Reconstructing genome histories is a major challenge in evolutionary biology and the subject of a large body of literature (Maddison 1997; Snel et al. 2002; Mirkin et al. 2003; Hahn 2007; Csűrös 2010; Boussau et al. 2013; Szöllõsi et al. 2013). In a recent study, NS devised an ad-hoc method to infer ancestral gene acquisitions in the history of Archaea (Nelson-Sathi et al. 2015). From 134 archaeal proteomes, they built 25,762 protein families of which 2,264 had at least two representatives in a single MAL (forming a monophyletic group) and at least two bacterial homologs (out of 1,847 genomes) belonging to species from two different phyla. NS concluded that all 2,264 gene families were acquired from Bacteria at the origin of MALs, implying that these acquisitions probably promoted their origin and evolutionary success.

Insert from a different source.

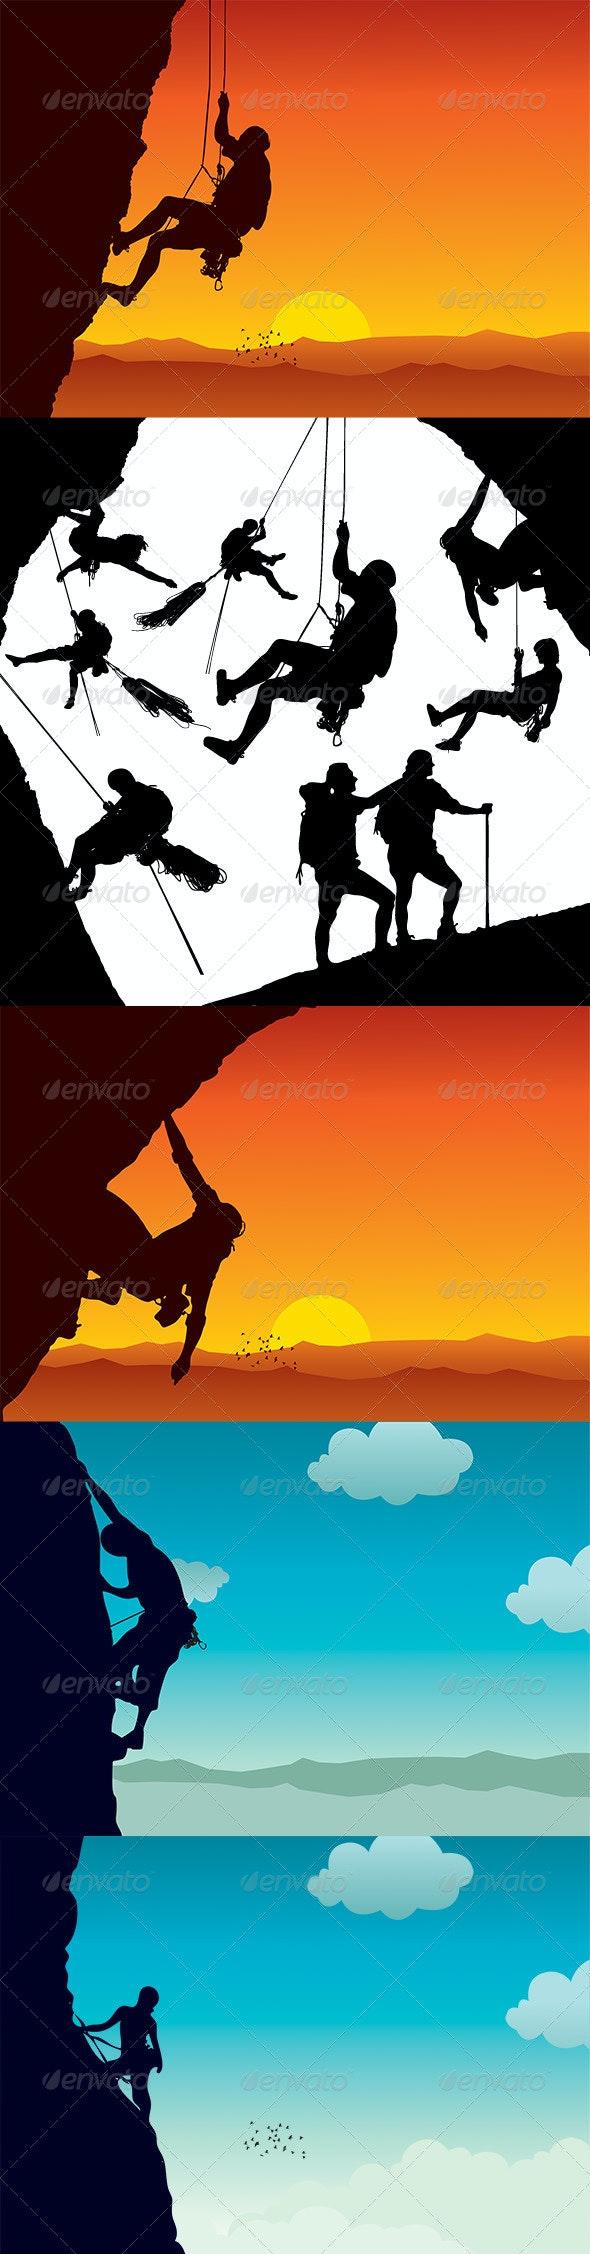 Vector Climber Silhouettes - Sports/Activity Conceptual

A close look at the results of NS is enough to convince oneself that there are problems with their approach. The set of genes that NS infer to have been acquired at the roots of MAL comprises 2,264 gene “clusters”, which are called “import” clusters. Fig. 1a presents the tree reconstructed from one of them, “Cluster 23981”, which we simply sampled from the list of “import” clusters available as supplementary material accompanying NS (table 3 from supplementary data) (Nelson-Sathi et al. 2015). This gene is found in only two sister species from a single archaeal genus (Methanosarcina), nested in the order Methanosarcinales (one of the 12 MALs) (Petitjean et al. 2015), and two very distantly related Bacteria (Bradyrhizobium japonicum, an alphaproteobacterium and Granulicella tundricola, an acidobacterium), from two different phyla (out of 1,981 genomes in total). Inclusion of this cluster in the “import” set implies that, according to NS: i) the gene was transferred before the origin of Methanosarcinales and ii) that it is “very widespread among diverse bacteria, clearly indicating that [it is an] archaeal acquisition from bacteria, or import” (Fig. 1) (Nelson-Sathi et al. 2015). The first is akin to saying that a gene present only in chimpanzee and human necessarily originated in the ancestor of all Vertebrates and has since undergone systematic gene loss in all other vertebrate species. Similarly, a “widespread” distribution (ii) signifies transfer from a bacterial donor only if it is interpreted as a sign of antiquity in Bacteria, again implying extensive gene losses, this time in Bacteria. A much more parsimonious scenario (Fig. 1) requires only two transfers, and avoids massive convergent losses in Archaea and Bacteria. In this scenario, the gene is acquired at the origin of the genus Methanosarcina (but not the phylum Methanosarcinales), and the direction of HGT is unknown.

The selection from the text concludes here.